== Assignment ==
Your task is to transcribe the data exactly while omitting each picture.
** Opening Information provided block **
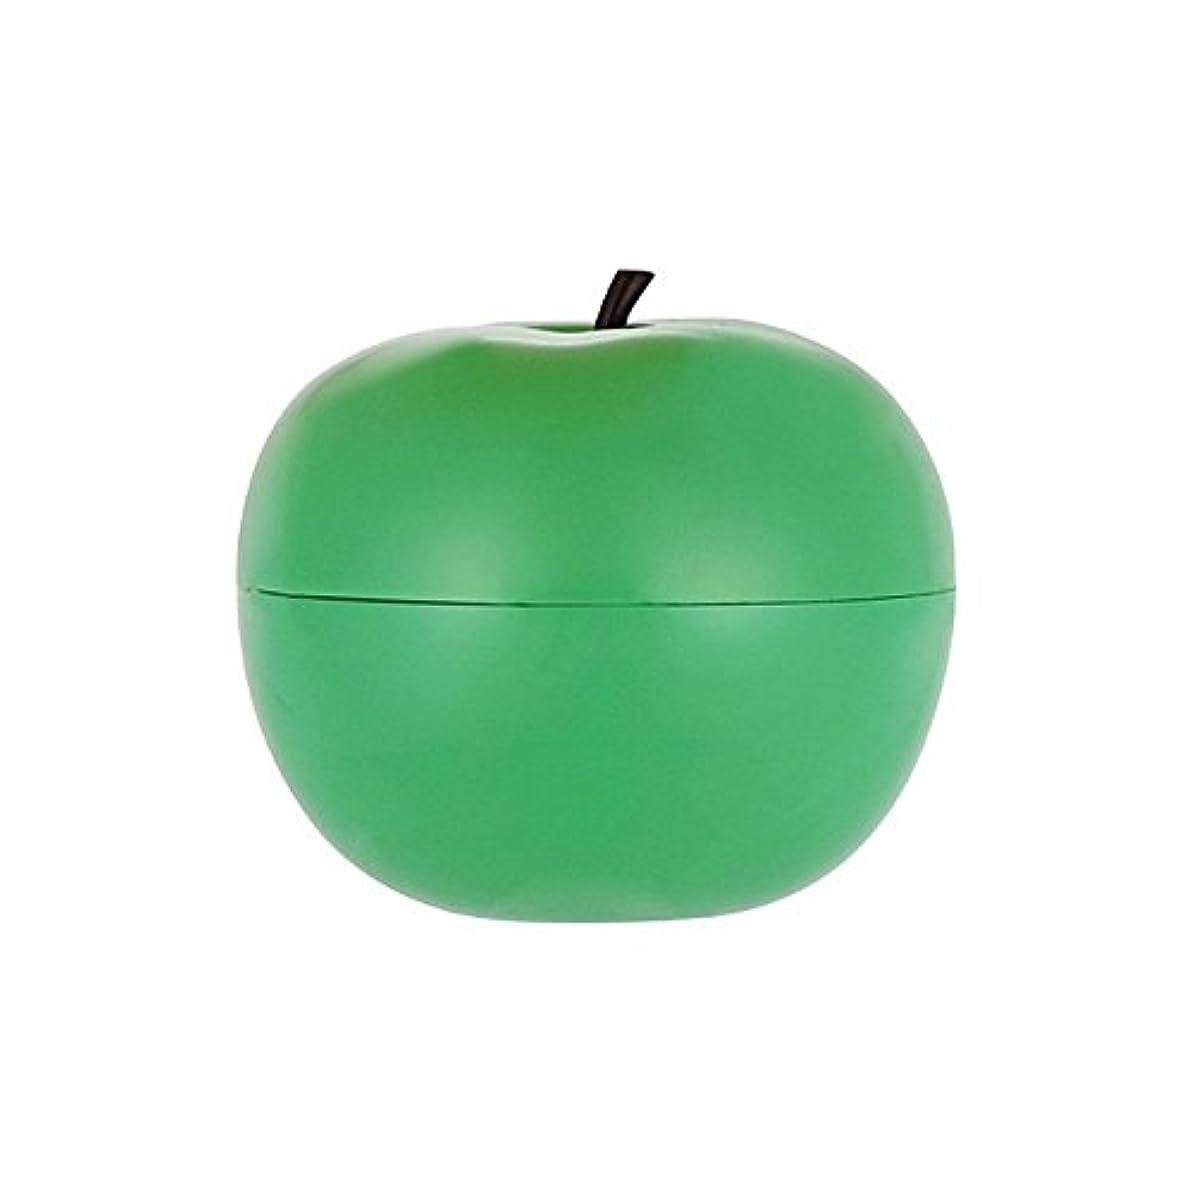 抵抗みがきます引っ張るTony Moly Appletox Smooth Massage Peeling Cream 80G (Pack of 6) - トニーモリースムーズマッサージピーリングクリーム80グラム x6 [並行輸入品]
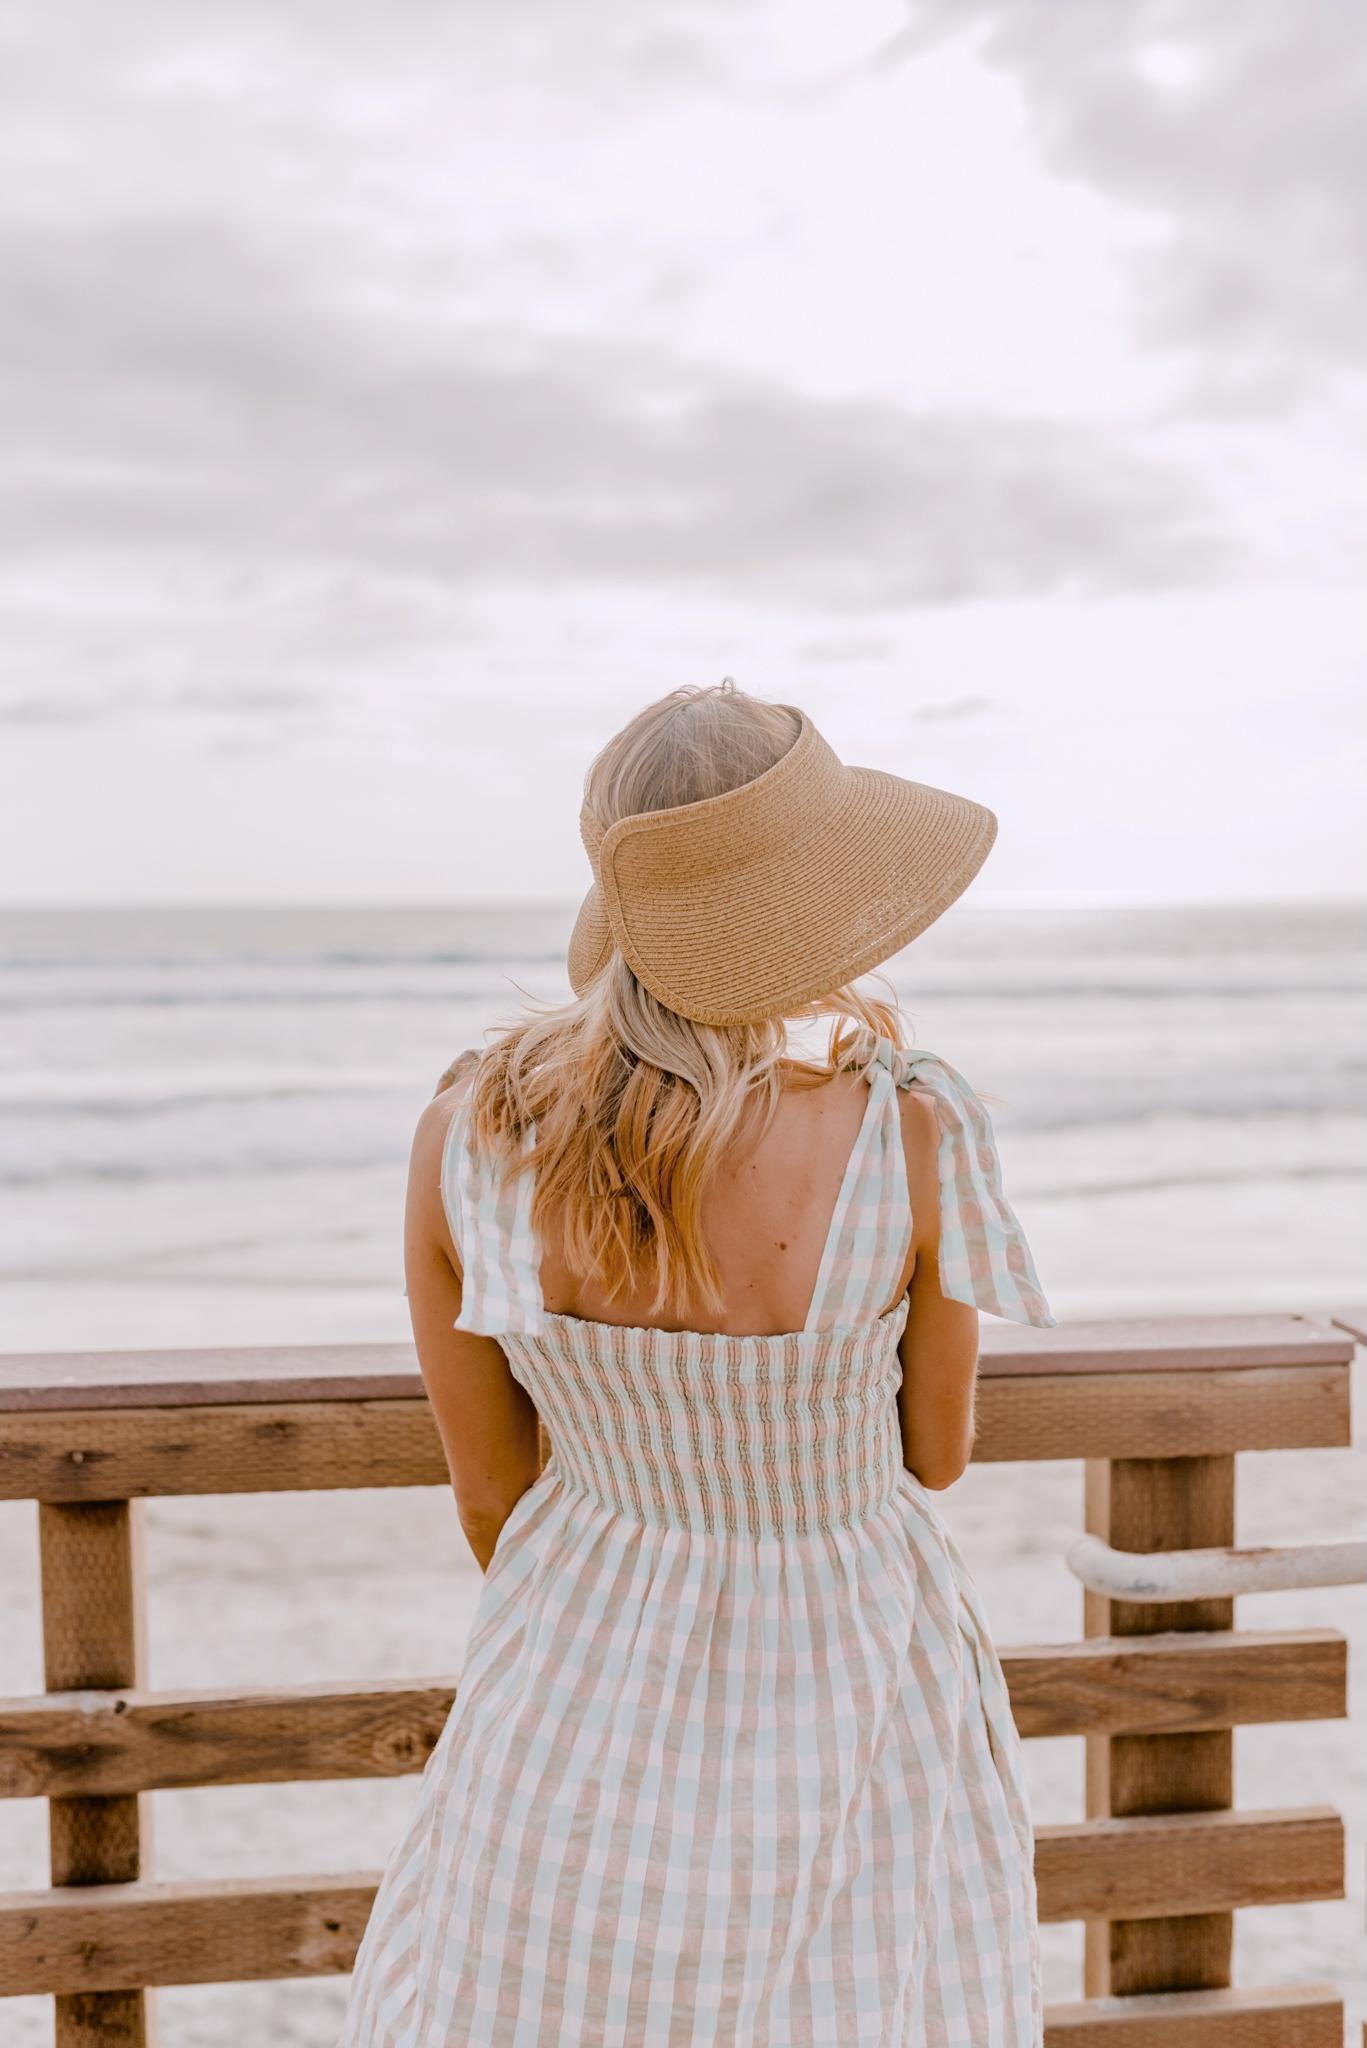 where to buy beach hat
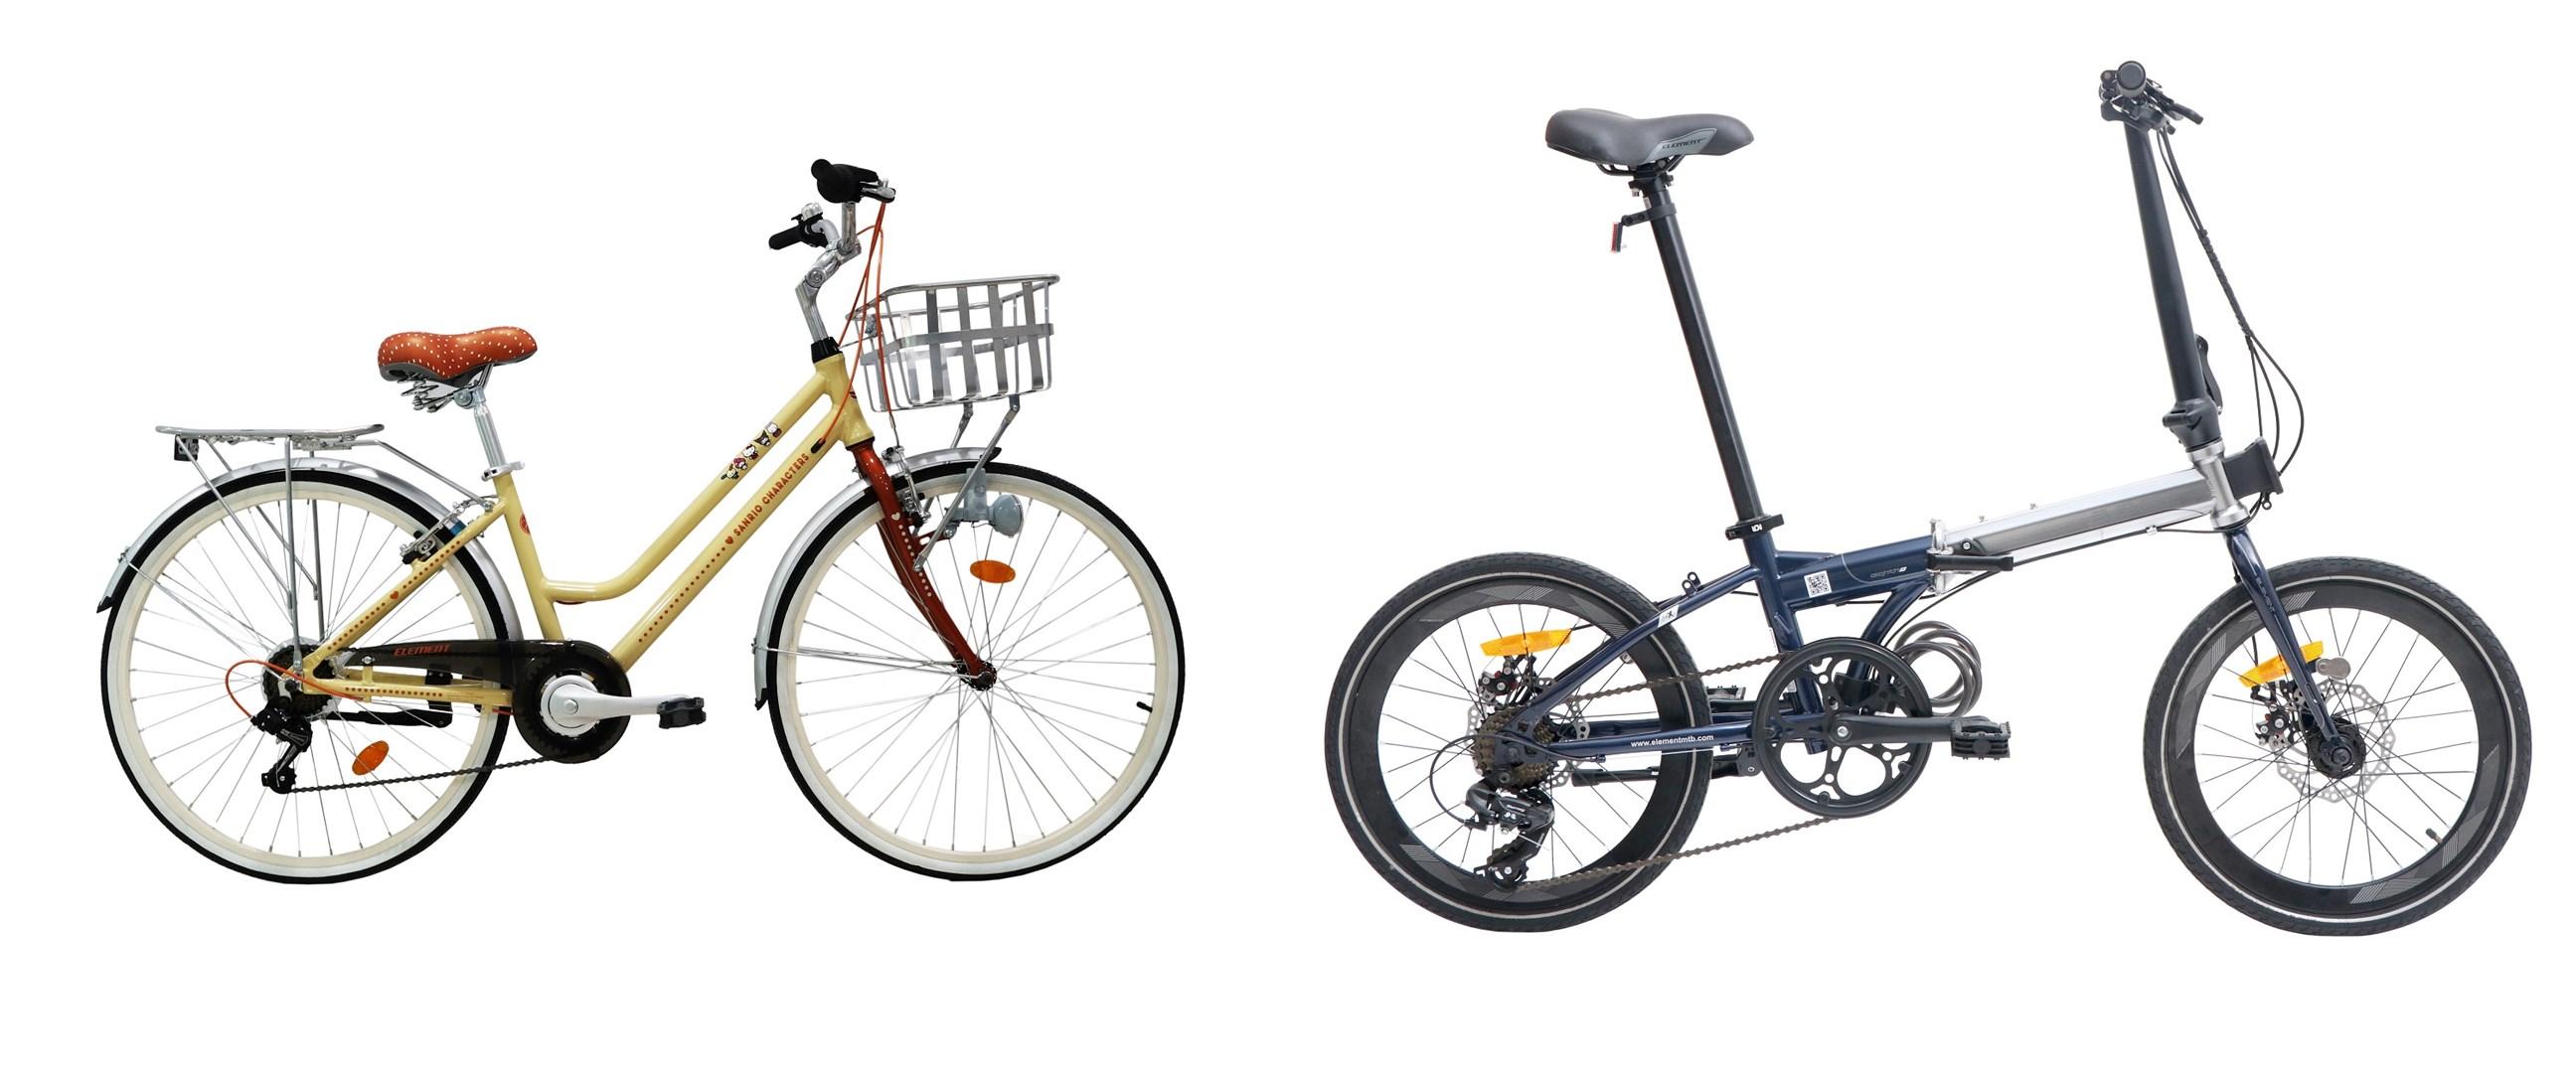 Harga sepeda urban Element di bawah Rp 3 juta dan spesifikasinya
** Closing Information provided block **
== Task result ==
 抵抗みがきます引っ張るTony Moly Appletox Smooth Massage Peeling Cream 80G (Pack of 6) - トニーモリースムーズマッサージピーリングクリーム80グラム x6 [並行輸入品]
 where to buy beach hat
 Harga sepeda urban Element di bawah Rp 3 juta dan spesifikasinya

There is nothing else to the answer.